### Your goal
The copy has to match the data exactly and leave out every picture.

### Input data
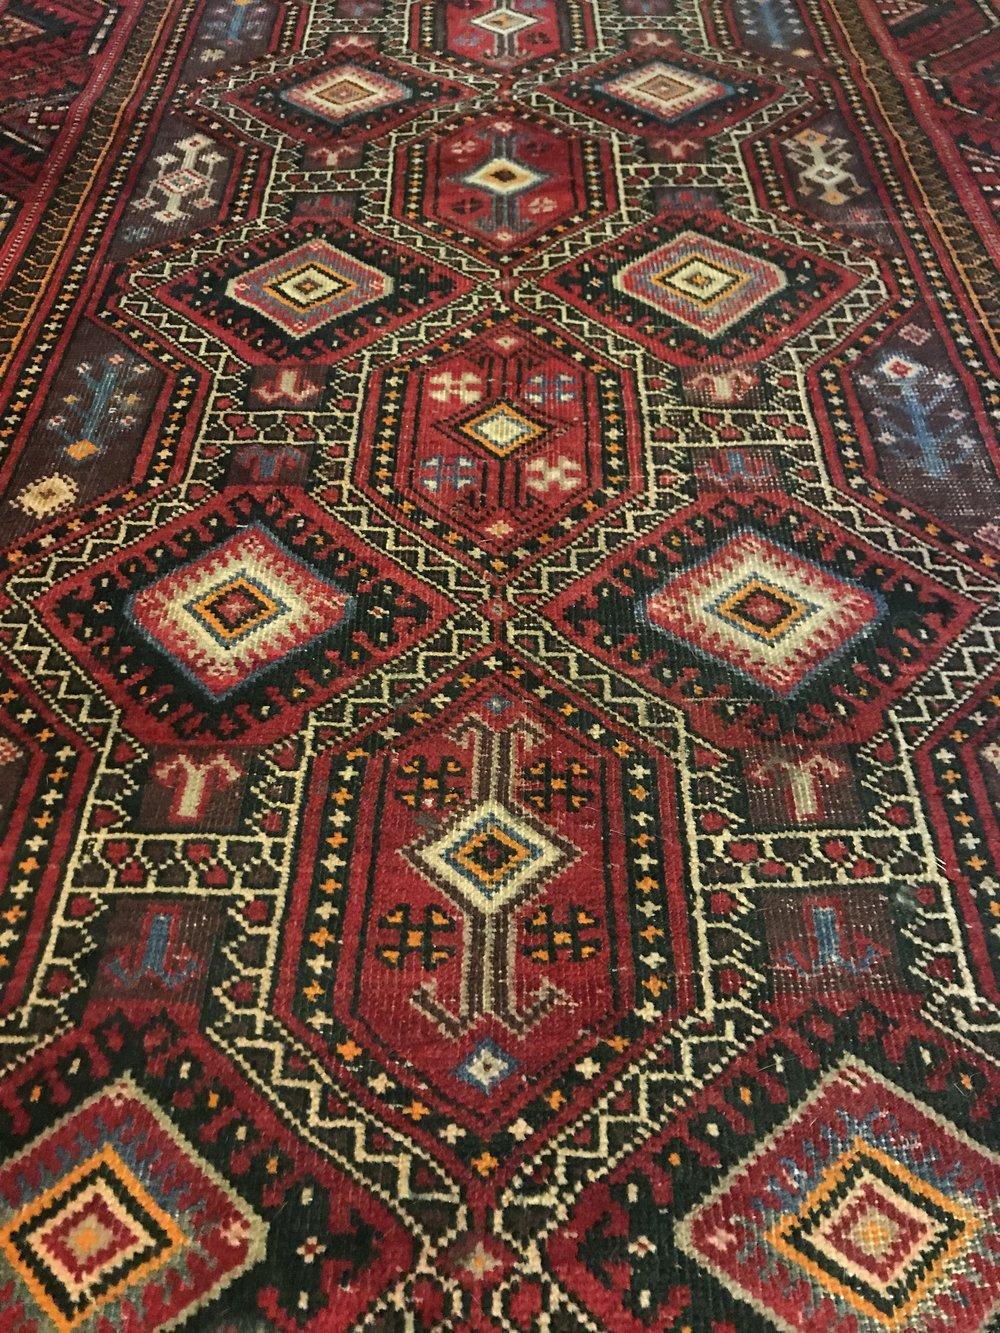 rug #2 - 4' x 10'
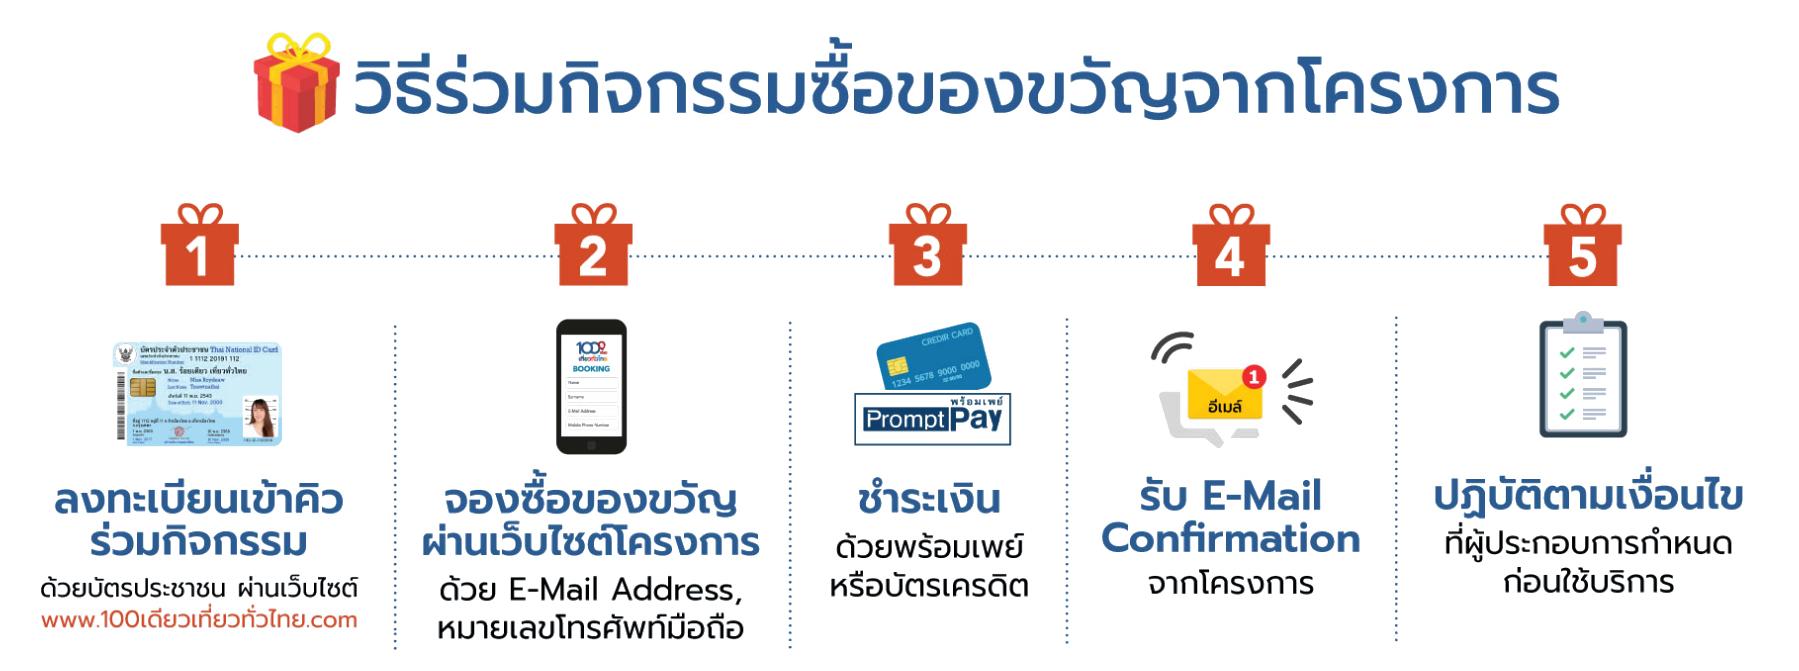 100deaw-tie-tua-thai-procedure ขั้นตอน 100 เดียวเที่ยวทั่วไทย
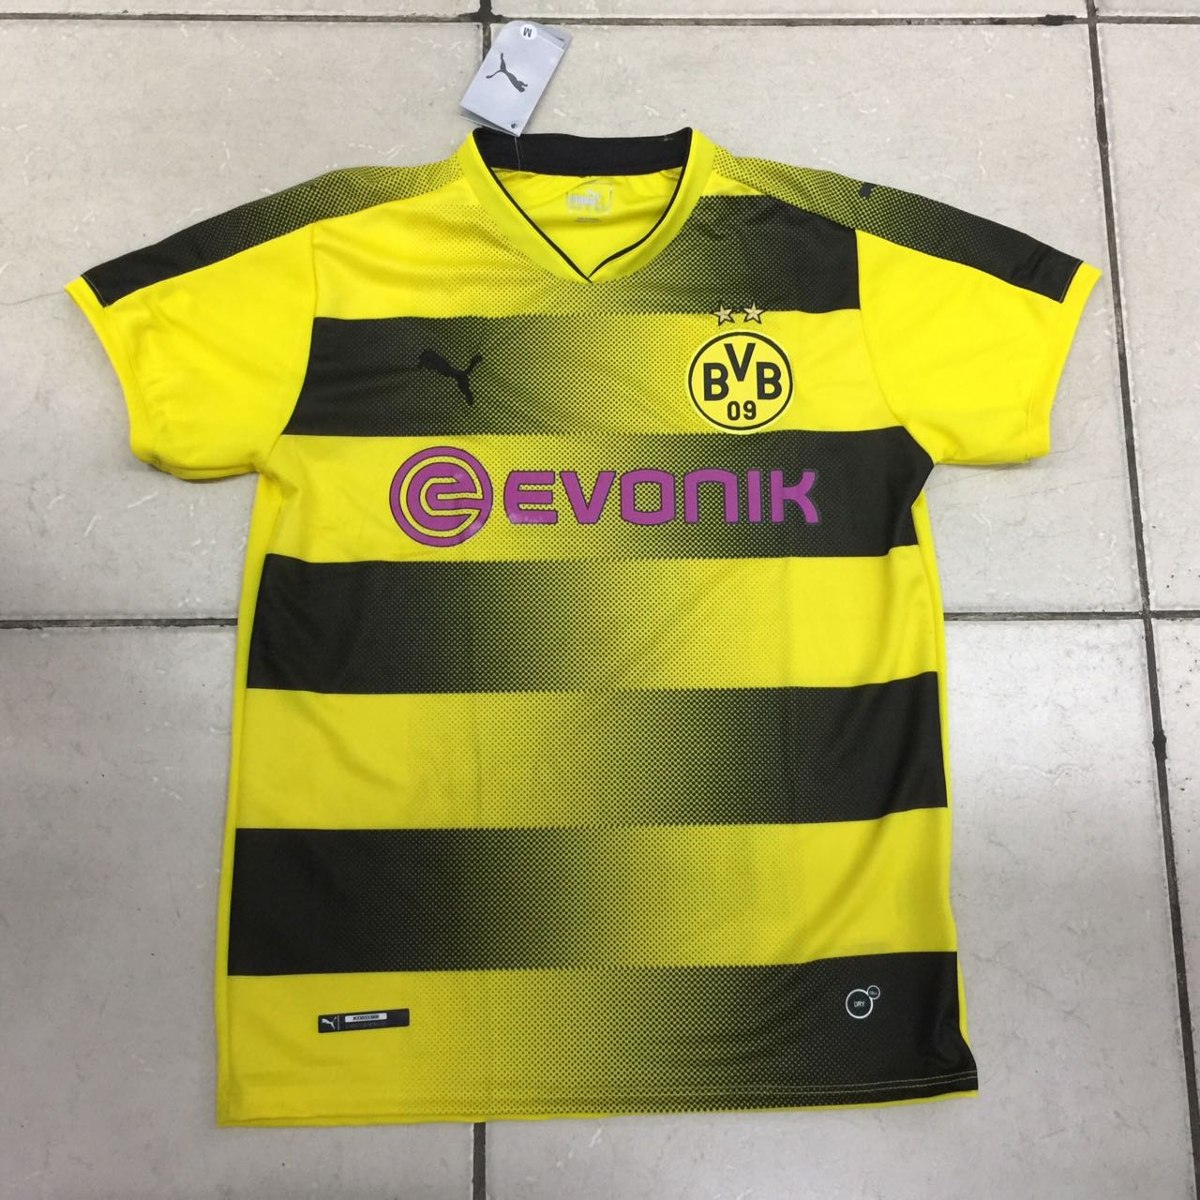 Nova Camisa Puma Borussia Dortmund 2017 2018 - R  75 ca84b9b9163ca

### Exercise answer
 rug #2 - 4' x 10'
 100deaw-tie-tua-thai-procedure ขั้นตอน 100 เดียวเที่ยวทั่วไทย
 Nova Camisa Puma Borussia Dortmund 2017 2018 - R  75 ca84b9b9163ca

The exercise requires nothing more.